MOGA: Museum of Graffiti Art

Earlier this week I attended an informational session on blogging led by The Dusty Rebel moderator Daniel Albanese.  He used his blog as an example of how to create on, and since I already knew how to create on I let my mind wander. . Albanese, an archivist of sorts, documents graffiti in New York City through his posts, in the process creating an online museum.  Intrigued, I questioned the impact of his actions on an atypical art form that doesn’t traditionally lend itself to being “museum-able.”

Documentation and archiving, affordances of new media technologies have allowed for the creation of online museums.  In examining the relationship between documentation, archiving and graffiti art I will consult Manovich’s book The New Media, where he outlines several principles that distinguish new media from old media.  I am primarily concerned with numerical representation, and variability.  A key concept of numerical representation is digitization, the “converting continuous data into numerical representation” (Manovich 49).  This affords variability, and more importantly hyperlinks, which allows for different objects or texts to be linked together (Manovich 57).

In exploring the impact that online documentation and archiving have on graffiti it is important to establish several principles that the graffiti artist, and their subsequent art, must adhere to.  First, the canvas on which an artist works is physical and subject to external circumstances.  Weather damage, building construction/destruction, and neighborhood curmudgeons all contribute to its limited “shelf life.”  Second, the canvas is spatially fixed and cannot be taken from one location to another.  Combined, these two principles inform the artistic process and expression of the artist, which I will further analyzed to show how online documentation and archiving are changing this paradigm.
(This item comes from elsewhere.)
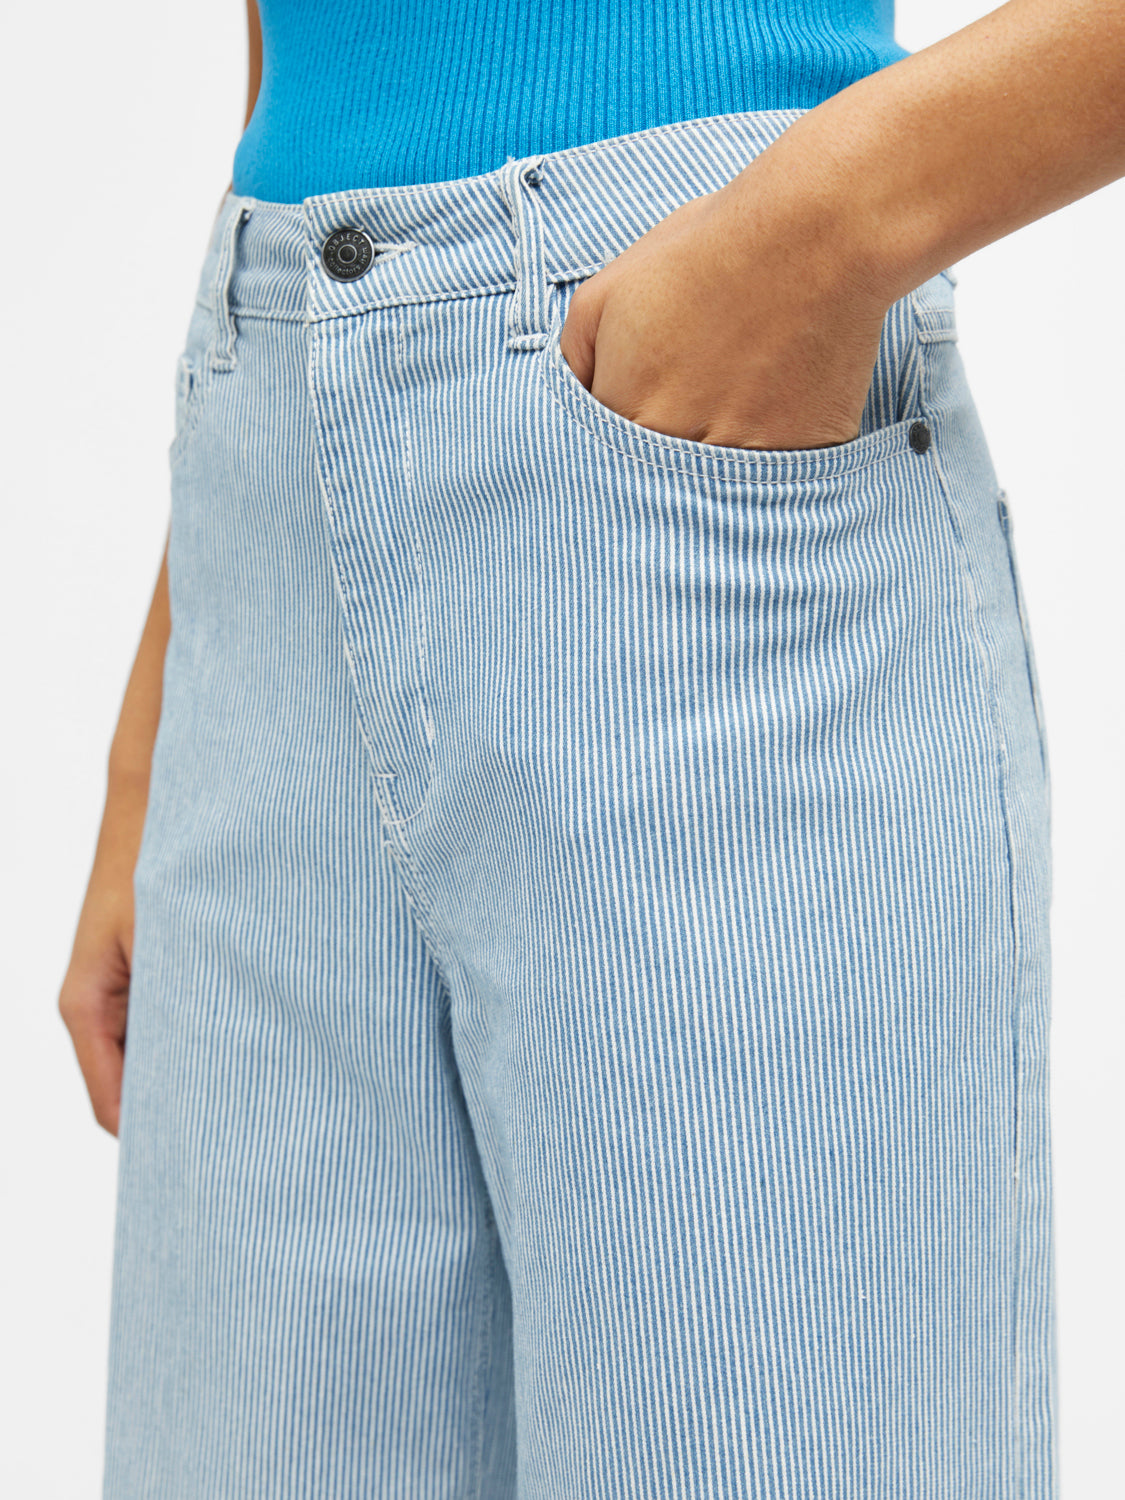 OBJMOJI Jeans - Light Blue Denim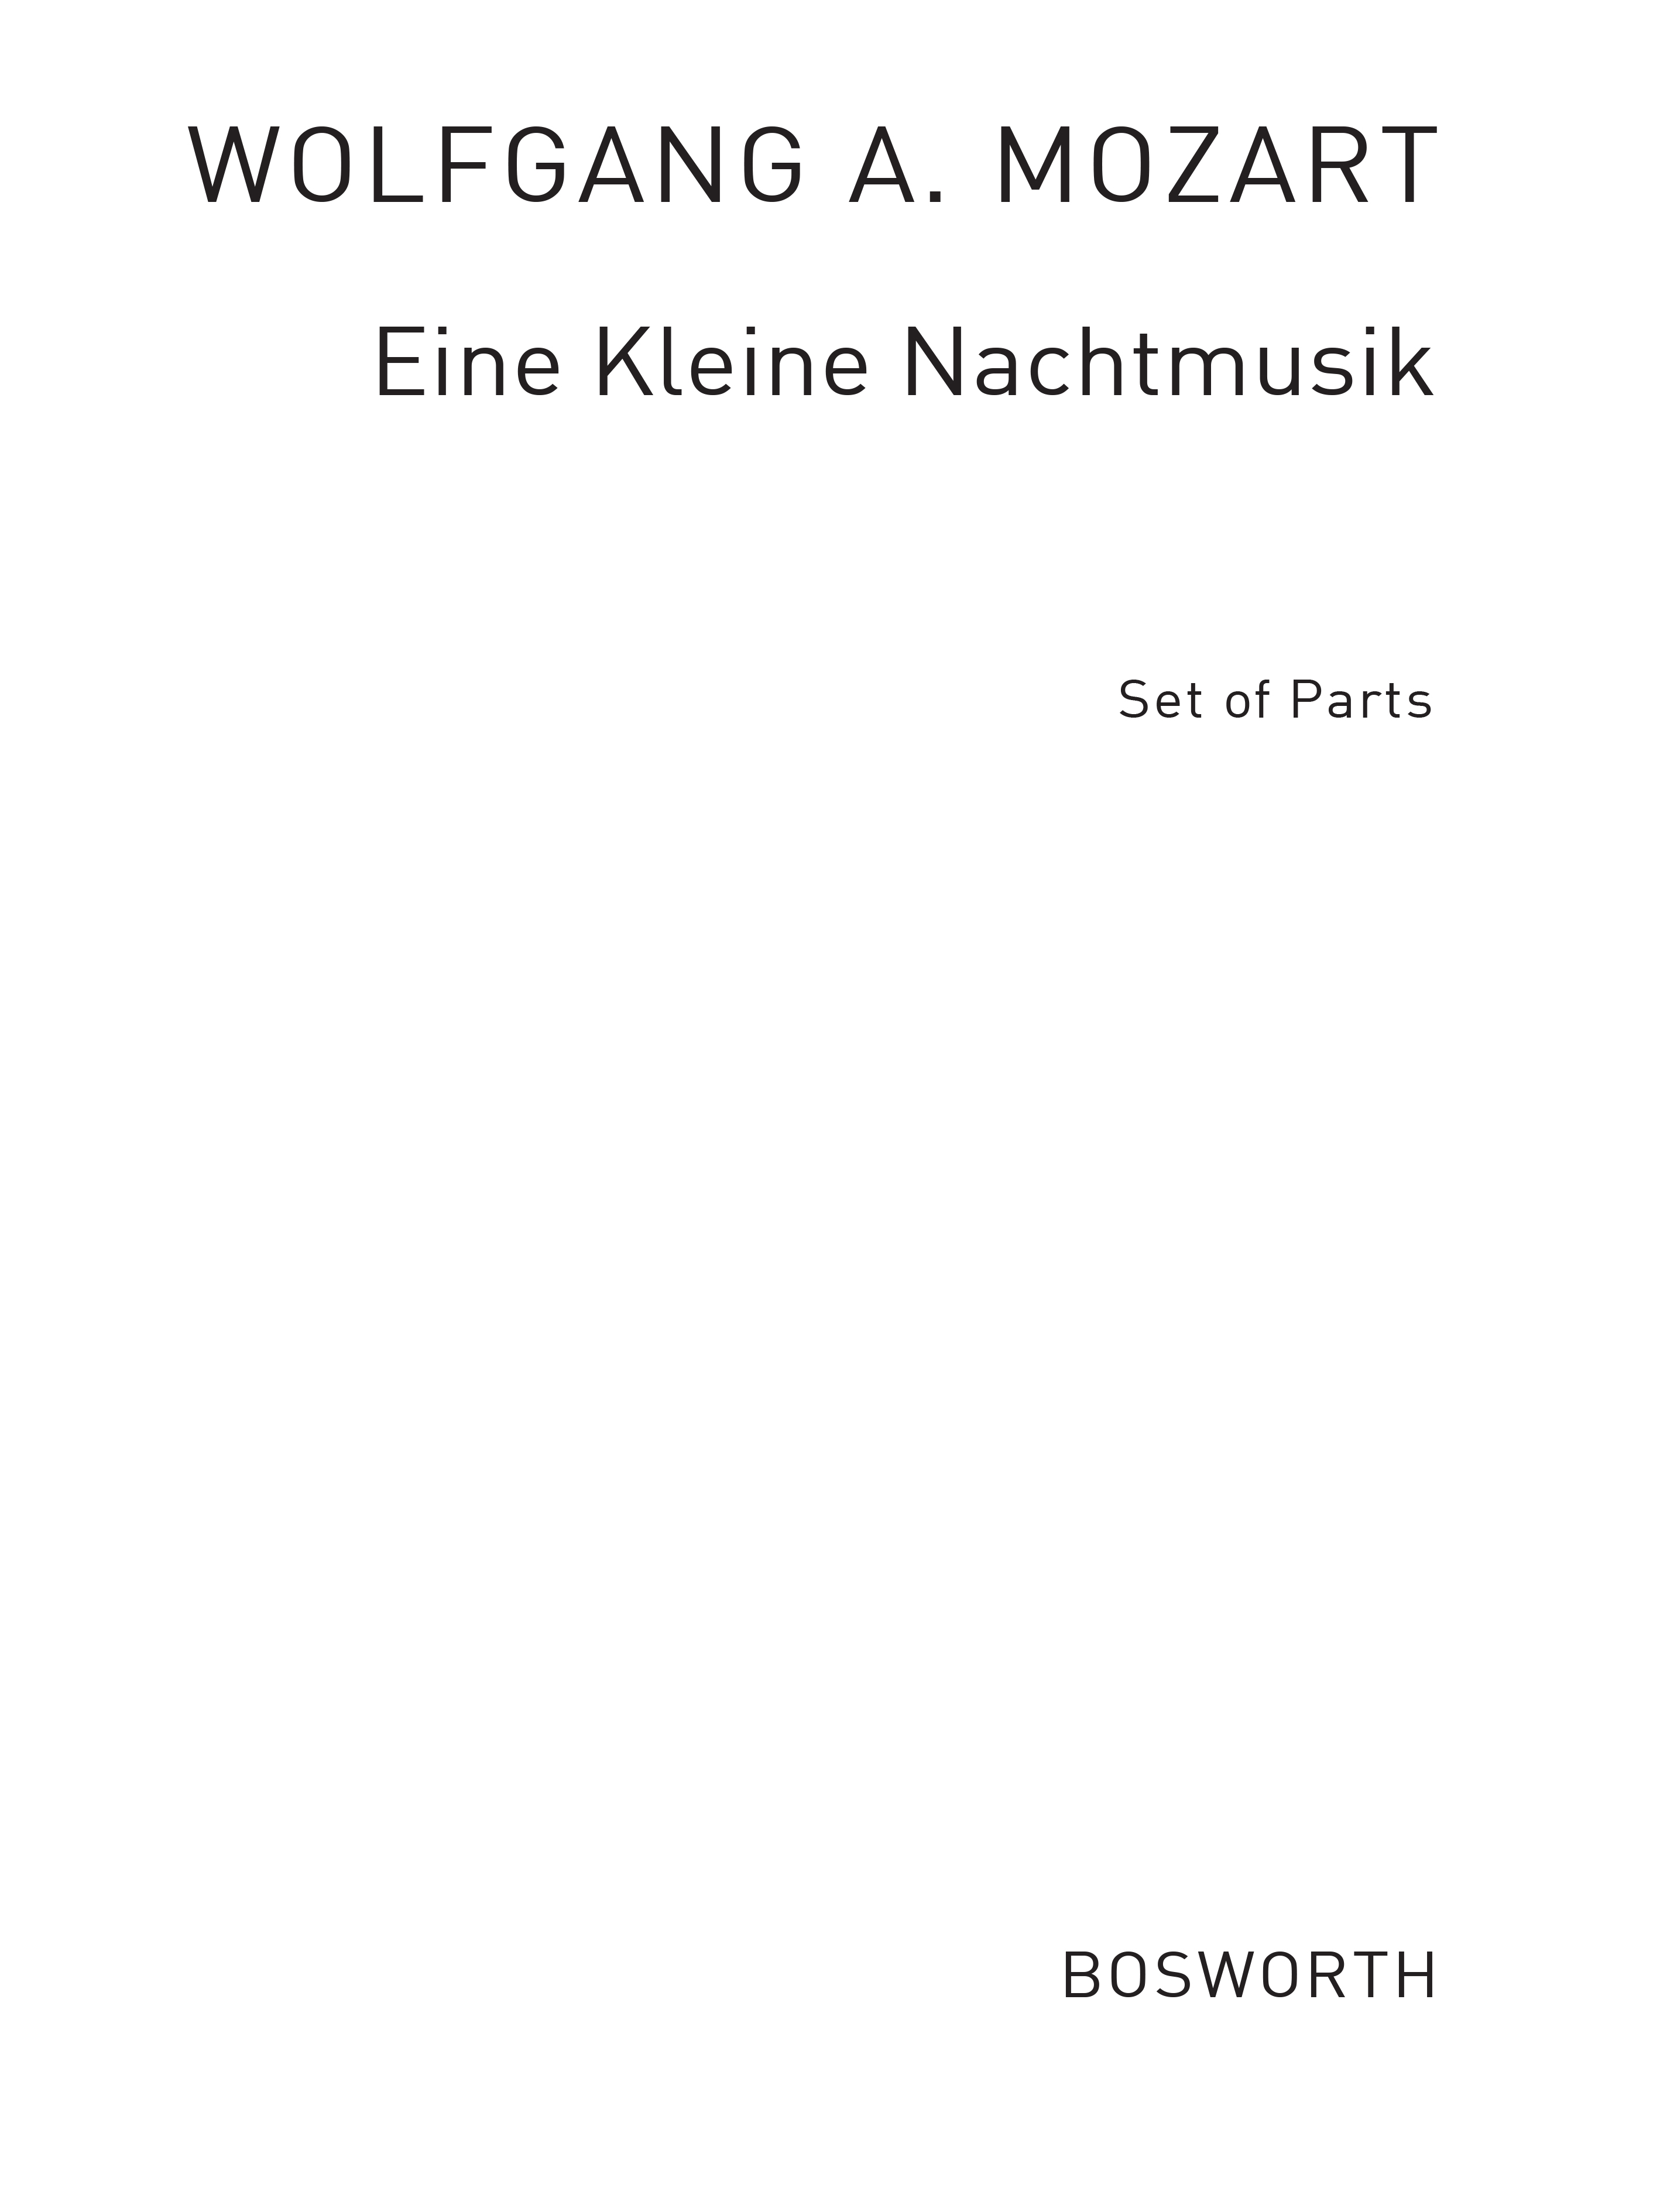 Wolfgang Amadeus Mozart: Eine Kleine Nachtmusik K.525 - First Movement: Recorder

Graffiti includes the physical object on which it was imprinted and the lack of control an artist has on said object informs their image creation. They are fully aware that in a week the colors could fade, it could be replaced or it could remain exactly the same.  The importance of this relationship is ignored by documentation and digitization, which allows anyone to “remove “noise” from a photograph, improve its contrast, locate edges of the shapes, or change its proportion” (Manovich 49).   It has no obligation to the external circumstances that affect graffiti and it grants online observers that same right.  The artists have chosen specific locations and objects on which to express themselves and while the surrounding sights, smells and noises are only secondary, their effect on the experience is still of importance.  Digitization limits this experience because “at its heart, graffiti is about documenting presence; it is a way of saying “I was here”” (Misilamani 6).  Lost or impaired by reproduction, the observer gets fragmented insight into the both the work and message of the artist.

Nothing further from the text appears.